**ASSIGNMENT:** Repeat the following data exactly, omitting pictures.

**SOURCE MATERIAL:**
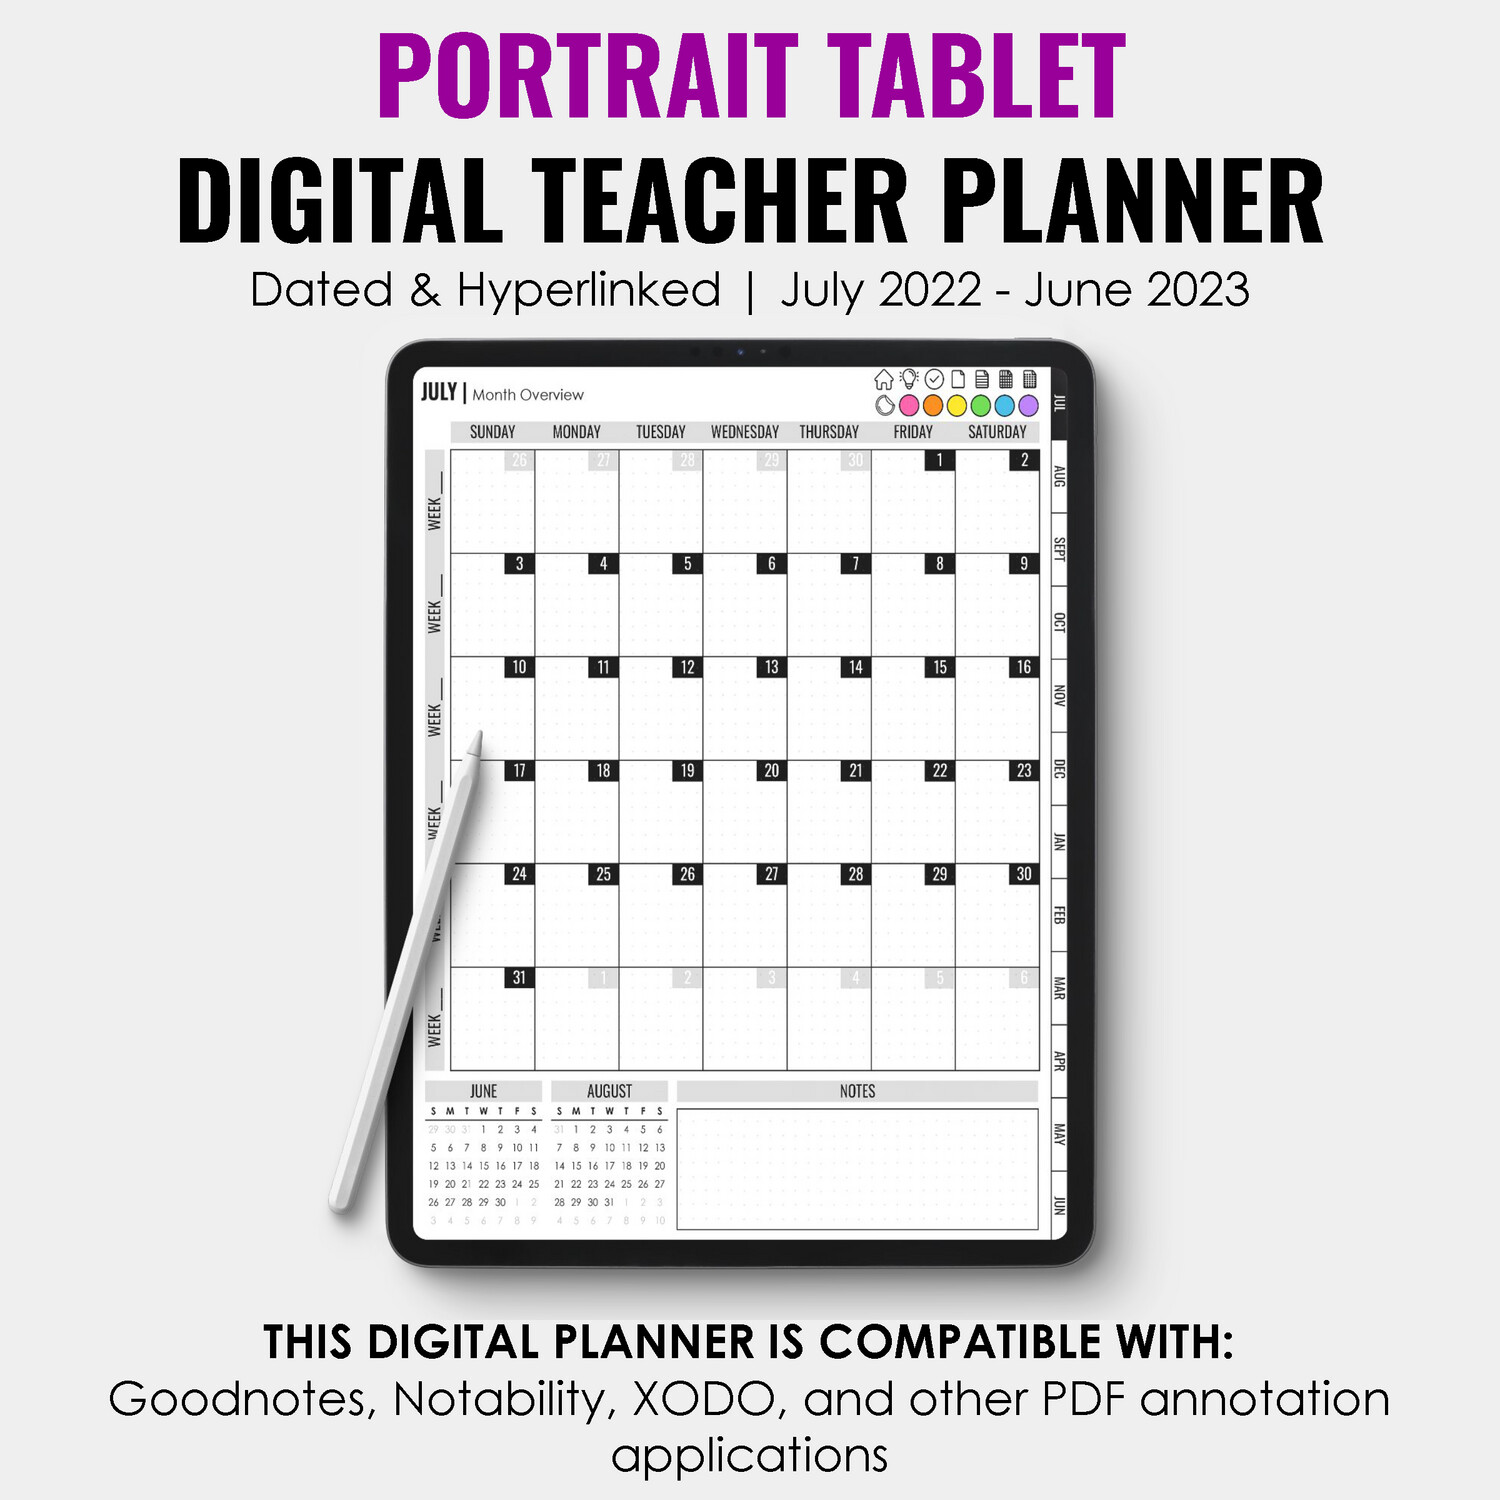 2022-2023 Tablet Digital Teacher Planner | Portrait
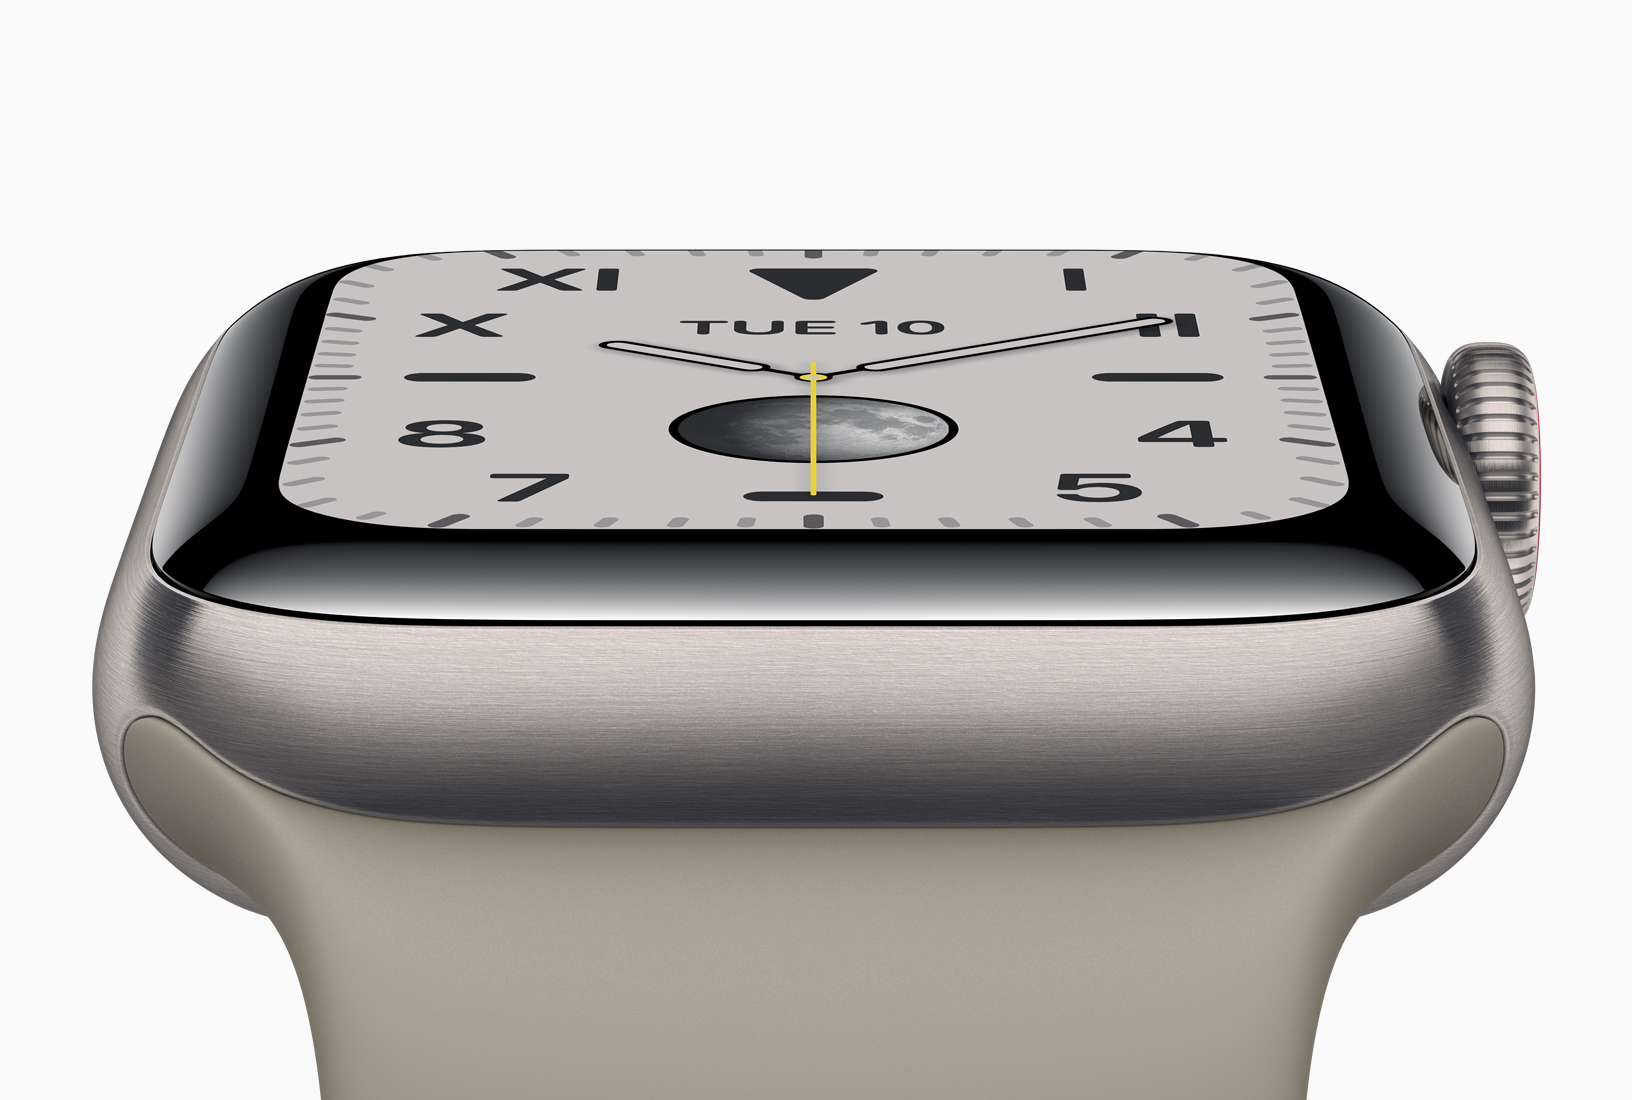 3) Apple Watch Series 5
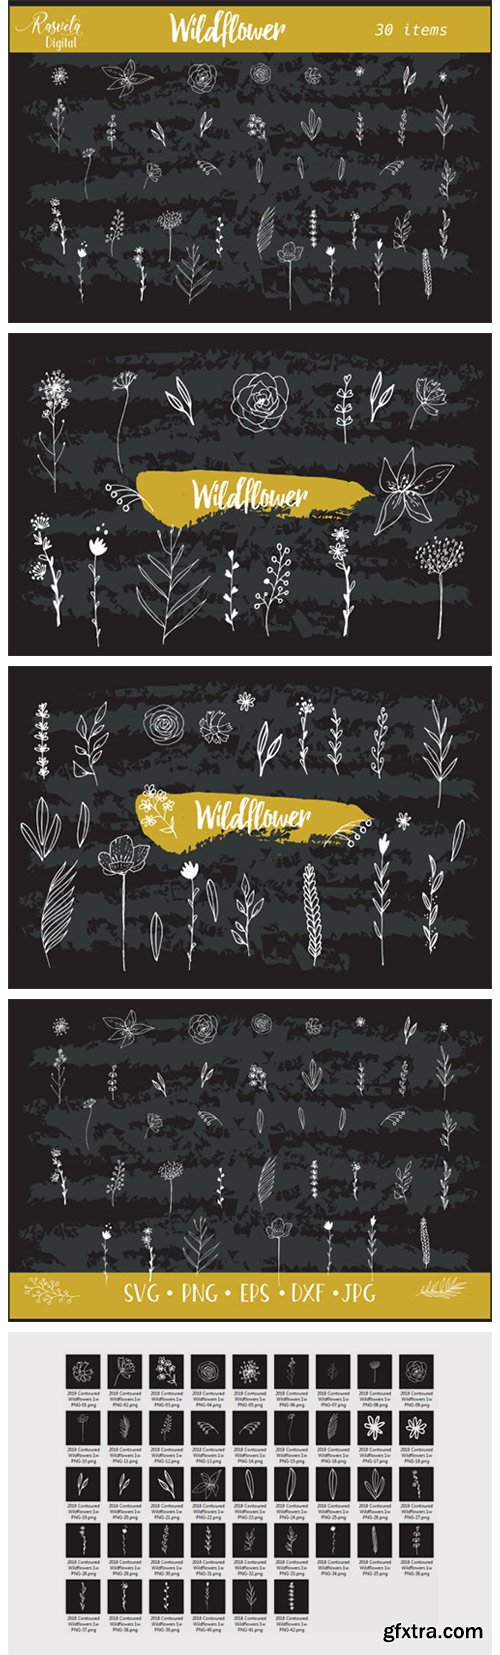 Wedding Wildflower Flowers 4090859
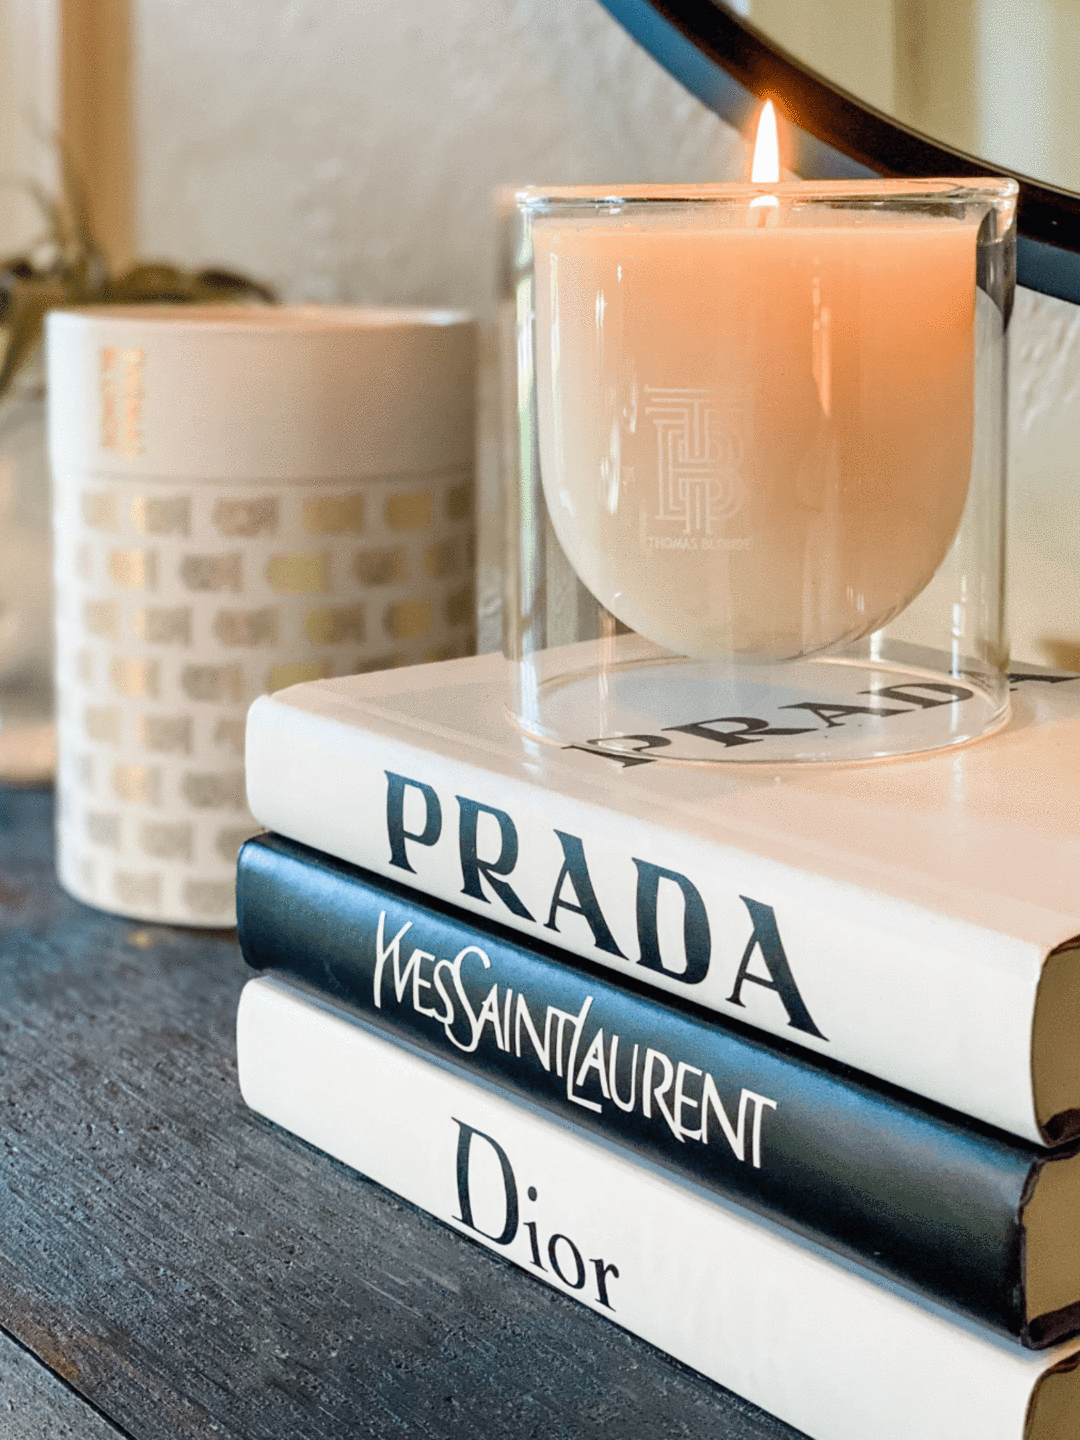 Prada Catwalk - Coffee Table Book

**RESPONSE TO THE TASK:**
 2022-2023 Tablet Digital Teacher Planner | Portrait
 3) Apple Watch Series 5
 Wedding Wildflower Flowers 4090859
 Prada Catwalk - Coffee Table Book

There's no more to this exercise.